== EXERCISE DATA
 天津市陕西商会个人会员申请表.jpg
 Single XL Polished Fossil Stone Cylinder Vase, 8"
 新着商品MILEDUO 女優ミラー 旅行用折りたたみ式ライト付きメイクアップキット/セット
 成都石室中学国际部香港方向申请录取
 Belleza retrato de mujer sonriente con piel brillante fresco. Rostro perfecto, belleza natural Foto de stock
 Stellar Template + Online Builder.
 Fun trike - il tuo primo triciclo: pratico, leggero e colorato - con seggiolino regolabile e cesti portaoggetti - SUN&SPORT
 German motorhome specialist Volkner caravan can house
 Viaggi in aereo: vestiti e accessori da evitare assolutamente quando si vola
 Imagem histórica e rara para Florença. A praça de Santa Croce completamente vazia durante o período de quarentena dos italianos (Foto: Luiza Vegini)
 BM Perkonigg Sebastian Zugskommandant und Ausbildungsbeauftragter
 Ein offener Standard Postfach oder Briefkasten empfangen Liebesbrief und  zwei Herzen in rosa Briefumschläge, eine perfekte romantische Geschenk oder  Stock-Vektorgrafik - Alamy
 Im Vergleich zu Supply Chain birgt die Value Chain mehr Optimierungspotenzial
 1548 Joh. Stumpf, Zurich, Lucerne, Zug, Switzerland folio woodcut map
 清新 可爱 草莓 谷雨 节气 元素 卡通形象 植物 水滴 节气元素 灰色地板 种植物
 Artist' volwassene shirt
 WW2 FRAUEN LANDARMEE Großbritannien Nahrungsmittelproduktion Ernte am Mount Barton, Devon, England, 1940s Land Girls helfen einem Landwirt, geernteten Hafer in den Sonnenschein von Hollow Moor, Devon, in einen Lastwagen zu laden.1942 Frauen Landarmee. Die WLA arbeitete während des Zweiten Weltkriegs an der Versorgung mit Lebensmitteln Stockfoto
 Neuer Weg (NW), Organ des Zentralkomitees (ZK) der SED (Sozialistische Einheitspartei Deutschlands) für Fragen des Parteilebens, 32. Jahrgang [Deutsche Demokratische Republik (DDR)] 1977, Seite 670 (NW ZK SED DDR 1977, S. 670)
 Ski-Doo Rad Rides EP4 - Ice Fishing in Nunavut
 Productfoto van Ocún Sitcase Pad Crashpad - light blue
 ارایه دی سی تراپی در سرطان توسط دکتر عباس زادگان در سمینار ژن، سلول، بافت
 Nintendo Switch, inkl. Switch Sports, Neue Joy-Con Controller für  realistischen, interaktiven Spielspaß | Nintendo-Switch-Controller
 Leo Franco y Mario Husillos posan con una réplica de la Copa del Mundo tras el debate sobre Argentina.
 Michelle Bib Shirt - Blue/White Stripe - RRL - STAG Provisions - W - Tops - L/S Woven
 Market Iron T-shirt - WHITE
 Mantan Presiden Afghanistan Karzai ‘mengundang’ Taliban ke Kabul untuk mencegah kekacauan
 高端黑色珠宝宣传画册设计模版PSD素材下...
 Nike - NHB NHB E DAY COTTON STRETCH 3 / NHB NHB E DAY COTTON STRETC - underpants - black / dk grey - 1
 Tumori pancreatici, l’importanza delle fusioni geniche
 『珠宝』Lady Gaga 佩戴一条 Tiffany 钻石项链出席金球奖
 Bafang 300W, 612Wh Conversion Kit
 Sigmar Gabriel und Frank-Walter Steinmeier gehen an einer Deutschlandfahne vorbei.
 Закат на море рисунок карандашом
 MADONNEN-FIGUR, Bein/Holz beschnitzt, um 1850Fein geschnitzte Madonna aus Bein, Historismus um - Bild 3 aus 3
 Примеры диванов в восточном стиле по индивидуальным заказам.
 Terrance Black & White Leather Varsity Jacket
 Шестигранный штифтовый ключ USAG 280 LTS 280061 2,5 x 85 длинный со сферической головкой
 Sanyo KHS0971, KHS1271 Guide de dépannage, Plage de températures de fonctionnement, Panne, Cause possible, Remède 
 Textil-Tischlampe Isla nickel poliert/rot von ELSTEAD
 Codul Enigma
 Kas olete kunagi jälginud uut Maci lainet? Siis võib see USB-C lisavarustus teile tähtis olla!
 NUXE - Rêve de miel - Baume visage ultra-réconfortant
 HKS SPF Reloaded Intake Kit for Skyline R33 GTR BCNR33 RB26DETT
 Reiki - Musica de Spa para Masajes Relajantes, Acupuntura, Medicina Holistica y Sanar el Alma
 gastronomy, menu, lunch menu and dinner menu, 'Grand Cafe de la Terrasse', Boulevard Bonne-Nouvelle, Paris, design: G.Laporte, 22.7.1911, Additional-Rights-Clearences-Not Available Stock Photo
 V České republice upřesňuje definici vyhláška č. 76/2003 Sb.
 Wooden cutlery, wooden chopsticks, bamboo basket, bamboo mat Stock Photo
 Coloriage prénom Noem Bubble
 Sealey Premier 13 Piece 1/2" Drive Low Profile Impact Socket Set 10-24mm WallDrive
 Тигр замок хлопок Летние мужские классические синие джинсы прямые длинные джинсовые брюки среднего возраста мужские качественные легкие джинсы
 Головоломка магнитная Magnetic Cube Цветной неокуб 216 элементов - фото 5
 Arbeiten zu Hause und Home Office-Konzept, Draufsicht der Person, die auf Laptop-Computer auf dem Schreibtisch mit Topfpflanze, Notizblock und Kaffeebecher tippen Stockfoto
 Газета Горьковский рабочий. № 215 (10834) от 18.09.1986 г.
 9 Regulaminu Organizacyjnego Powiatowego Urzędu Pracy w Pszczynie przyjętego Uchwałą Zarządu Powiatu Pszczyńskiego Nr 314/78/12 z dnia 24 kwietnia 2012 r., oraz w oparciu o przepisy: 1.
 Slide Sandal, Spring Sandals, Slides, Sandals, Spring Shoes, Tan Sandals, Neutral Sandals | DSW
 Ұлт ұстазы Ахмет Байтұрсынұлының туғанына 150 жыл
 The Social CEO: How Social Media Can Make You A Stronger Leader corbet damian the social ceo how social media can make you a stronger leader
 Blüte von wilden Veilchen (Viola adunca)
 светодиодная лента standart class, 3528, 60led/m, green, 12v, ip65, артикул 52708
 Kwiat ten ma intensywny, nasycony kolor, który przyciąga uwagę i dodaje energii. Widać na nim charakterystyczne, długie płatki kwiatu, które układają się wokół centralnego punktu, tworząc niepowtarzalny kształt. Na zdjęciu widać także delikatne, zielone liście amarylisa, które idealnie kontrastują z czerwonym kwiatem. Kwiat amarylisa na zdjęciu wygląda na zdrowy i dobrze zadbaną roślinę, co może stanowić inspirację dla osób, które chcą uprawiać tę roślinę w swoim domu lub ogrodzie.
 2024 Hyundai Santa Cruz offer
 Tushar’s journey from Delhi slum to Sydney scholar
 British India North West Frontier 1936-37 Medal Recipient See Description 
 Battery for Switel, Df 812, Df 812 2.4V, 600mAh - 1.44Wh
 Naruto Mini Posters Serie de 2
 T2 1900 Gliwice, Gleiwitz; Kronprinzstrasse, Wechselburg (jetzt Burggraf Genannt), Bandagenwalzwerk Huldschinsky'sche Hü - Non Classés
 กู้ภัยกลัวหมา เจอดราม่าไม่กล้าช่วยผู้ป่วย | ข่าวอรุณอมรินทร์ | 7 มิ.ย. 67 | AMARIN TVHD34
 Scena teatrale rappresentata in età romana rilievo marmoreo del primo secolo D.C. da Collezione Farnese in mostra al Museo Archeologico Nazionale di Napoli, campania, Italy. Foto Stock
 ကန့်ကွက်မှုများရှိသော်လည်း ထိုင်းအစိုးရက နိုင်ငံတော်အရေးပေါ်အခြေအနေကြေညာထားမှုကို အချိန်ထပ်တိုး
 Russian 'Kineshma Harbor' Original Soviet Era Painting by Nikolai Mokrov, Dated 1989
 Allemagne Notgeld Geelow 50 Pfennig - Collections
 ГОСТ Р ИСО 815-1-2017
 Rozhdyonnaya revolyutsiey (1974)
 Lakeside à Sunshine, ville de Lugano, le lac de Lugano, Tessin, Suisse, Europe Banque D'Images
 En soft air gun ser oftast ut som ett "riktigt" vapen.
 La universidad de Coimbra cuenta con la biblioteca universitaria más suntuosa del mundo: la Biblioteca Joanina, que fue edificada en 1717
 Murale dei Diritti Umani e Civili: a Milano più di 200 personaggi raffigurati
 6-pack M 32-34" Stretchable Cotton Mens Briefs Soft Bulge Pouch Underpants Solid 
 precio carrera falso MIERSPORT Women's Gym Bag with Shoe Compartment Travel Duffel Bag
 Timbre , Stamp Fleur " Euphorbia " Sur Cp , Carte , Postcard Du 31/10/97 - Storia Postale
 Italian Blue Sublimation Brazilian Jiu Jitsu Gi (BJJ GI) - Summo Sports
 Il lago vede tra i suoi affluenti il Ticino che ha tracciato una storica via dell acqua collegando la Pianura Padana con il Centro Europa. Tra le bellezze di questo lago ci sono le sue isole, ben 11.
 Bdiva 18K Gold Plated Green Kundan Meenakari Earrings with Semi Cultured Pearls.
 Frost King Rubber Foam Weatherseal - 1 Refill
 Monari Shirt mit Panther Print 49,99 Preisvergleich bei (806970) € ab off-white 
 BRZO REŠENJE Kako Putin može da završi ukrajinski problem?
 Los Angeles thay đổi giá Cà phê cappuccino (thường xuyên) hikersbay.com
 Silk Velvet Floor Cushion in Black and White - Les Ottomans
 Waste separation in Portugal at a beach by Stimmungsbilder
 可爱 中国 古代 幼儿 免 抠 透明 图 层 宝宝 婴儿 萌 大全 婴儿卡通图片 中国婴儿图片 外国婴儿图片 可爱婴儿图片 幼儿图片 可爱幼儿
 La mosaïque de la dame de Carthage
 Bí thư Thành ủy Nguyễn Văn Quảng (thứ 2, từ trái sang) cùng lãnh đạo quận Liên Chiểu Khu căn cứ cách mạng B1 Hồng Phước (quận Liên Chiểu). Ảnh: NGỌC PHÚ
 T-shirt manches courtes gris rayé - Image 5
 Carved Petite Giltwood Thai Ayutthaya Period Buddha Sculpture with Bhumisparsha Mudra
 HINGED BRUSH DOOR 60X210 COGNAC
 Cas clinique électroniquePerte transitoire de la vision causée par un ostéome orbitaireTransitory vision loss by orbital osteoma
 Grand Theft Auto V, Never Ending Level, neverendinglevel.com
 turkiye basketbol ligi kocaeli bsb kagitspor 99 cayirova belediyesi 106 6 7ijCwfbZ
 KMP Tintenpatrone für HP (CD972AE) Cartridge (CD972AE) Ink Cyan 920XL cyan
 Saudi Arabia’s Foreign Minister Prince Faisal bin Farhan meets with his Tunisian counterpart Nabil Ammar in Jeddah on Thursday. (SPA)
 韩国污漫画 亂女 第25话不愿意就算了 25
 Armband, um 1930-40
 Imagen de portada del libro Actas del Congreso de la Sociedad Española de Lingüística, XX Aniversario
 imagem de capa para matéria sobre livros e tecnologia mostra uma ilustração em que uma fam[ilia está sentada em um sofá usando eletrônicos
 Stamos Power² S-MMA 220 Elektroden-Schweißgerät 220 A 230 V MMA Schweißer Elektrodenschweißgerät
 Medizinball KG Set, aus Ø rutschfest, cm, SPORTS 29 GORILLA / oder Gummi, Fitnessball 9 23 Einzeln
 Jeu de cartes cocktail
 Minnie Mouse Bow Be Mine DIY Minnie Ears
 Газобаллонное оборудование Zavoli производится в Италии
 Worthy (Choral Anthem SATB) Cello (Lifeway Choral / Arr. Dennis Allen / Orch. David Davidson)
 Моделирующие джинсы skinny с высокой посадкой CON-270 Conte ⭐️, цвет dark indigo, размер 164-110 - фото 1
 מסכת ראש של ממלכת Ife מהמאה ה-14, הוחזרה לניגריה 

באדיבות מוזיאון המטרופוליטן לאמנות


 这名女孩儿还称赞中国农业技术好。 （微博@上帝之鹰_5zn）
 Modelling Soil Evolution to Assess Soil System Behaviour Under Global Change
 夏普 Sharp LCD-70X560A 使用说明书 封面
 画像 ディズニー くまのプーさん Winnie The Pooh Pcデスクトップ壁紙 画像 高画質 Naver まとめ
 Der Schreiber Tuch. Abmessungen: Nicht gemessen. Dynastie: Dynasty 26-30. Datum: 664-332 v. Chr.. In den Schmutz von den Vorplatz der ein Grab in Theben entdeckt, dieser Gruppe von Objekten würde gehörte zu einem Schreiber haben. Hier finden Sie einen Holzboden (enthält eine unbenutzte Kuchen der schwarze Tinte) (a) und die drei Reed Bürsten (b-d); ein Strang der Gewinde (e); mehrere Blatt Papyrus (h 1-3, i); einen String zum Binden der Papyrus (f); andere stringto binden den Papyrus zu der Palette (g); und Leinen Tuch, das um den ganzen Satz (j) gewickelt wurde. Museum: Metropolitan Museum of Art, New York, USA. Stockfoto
====
- _WORK INSTRUCTIONS_:
Your answer must consist solely of the lines from the one containing "imagem de capa" through the last line of the entries, reproduced exactly.

- _WRITTEN REPLY_:
 imagem de capa para matéria sobre livros e tecnologia mostra uma ilustração em que uma fam[ilia está sentada em um sofá usando eletrônicos
 Stamos Power² S-MMA 220 Elektroden-Schweißgerät 220 A 230 V MMA Schweißer Elektrodenschweißgerät
 Medizinball KG Set, aus Ø rutschfest, cm, SPORTS 29 GORILLA / oder Gummi, Fitnessball 9 23 Einzeln
 Jeu de cartes cocktail
 Minnie Mouse Bow Be Mine DIY Minnie Ears
 Газобаллонное оборудование Zavoli производится в Италии
 Worthy (Choral Anthem SATB) Cello (Lifeway Choral / Arr. Dennis Allen / Orch. David Davidson)
 Моделирующие джинсы skinny с высокой посадкой CON-270 Conte ⭐️, цвет dark indigo, размер 164-110 - фото 1
 מסכת ראש של ממלכת Ife מהמאה ה-14, הוחזרה לניגריה 

באדיבות מוזיאון המטרופוליטן לאמנות


 这名女孩儿还称赞中国农业技术好。 （微博@上帝之鹰_5zn）
 Modelling Soil Evolution to Assess Soil System Behaviour Under Global Change
 夏普 Sharp LCD-70X560A 使用说明书 封面
 画像 ディズニー くまのプーさん Winnie The Pooh Pcデスクトップ壁紙 画像 高画質 Naver まとめ
 Der Schreiber Tuch. Abmessungen: Nicht gemessen. Dynastie: Dynasty 26-30. Datum: 664-332 v. Chr.. In den Schmutz von den Vorplatz der ein Grab in Theben entdeckt, dieser Gruppe von Objekten würde gehörte zu einem Schreiber haben. Hier finden Sie einen Holzboden (enthält eine unbenutzte Kuchen der schwarze Tinte) (a) und die drei Reed Bürsten (b-d); ein Strang der Gewinde (e); mehrere Blatt Papyrus (h 1-3, i); einen String zum Binden der Papyrus (f); andere stringto binden den Papyrus zu der Palette (g); und Leinen Tuch, das um den ganzen Satz (j) gewickelt wurde. Museum: Metropolitan Museum of Art, New York, USA. Stockfoto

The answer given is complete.